Invasive fungal infections, particularly those caused by Candida species, are significant contributors to morbidity and mortality in critically ill patients, especially those admitted to Intensive Care Units (ICUs). Delays in treatment lead to poor clinical outcomes. The Candida score is a predictive tool developed to identify high-risk patients. This study aimed to evaluate the clinical prognosis of ICU patients with sepsis and a Candida score greater than 3 who received early antifungal treatment. Specifically, it focused on assessing changes in Sequential Organ Failure Assessment (SOFA) scores on days 1, 3, and 7 of therapy to determine the impact of early intervention on organ function.

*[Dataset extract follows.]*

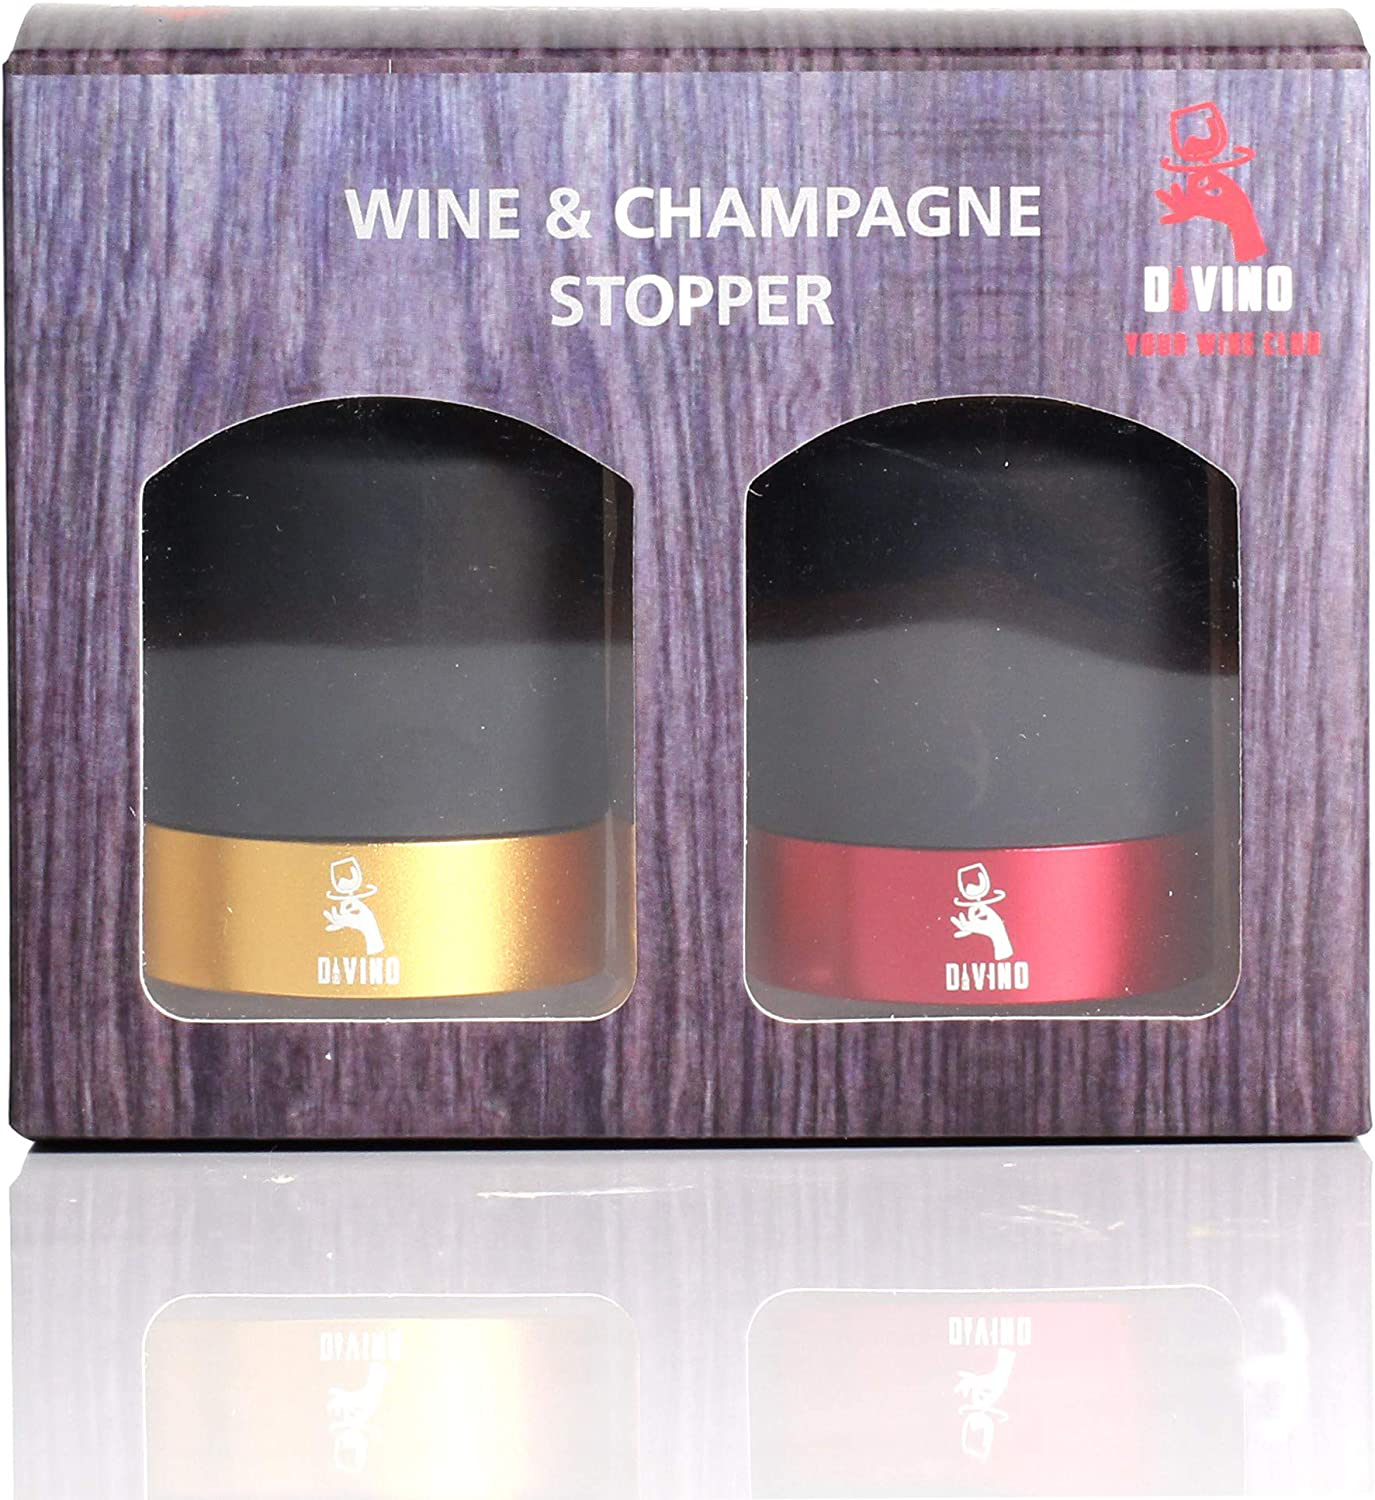 Champagne Stopper with Aluminium Ring, Professional Bottle Sealer for Champagne, Cava, Prosecco & Sparkling Wine, Saver Plug, Compact Champagne Bottle Plug (GOLD, Champagne)

Methods: A cross-sectional study was performed at Imam Reza Hospital in 2016. Thirty ICU patients with sepsis and a Candida score above 3 were enrolled. Exclusion criteria included hematologic malignancies and neutropenia. Demographic data, reasons for ICU admission, and SOFA scores were collected from patient files. Statistical analysis was performed using paired t-tests with significance set at p<0.05.
Results: The mean age of the patients was 62.06±18.20 years. Pneumonia was the most common reason for ICU admission (33.3%), followed by cerebrovascular accident (30%). The SOFA scores showed a statistically significant decrease from Day 1 (mean 12.23±2.62) to Day 3 (10.70±2.08), and further to Day 7 (9.06±2.05), showing marked clinical improvement. All pairwise comparisons between days were statistically significant (p<0.0001).
Conclusions: Early antifungal treatment in critically ill patients with high Candida scores leads to remarkable improvements in organ function, as evidenced by reduced SOFA scores.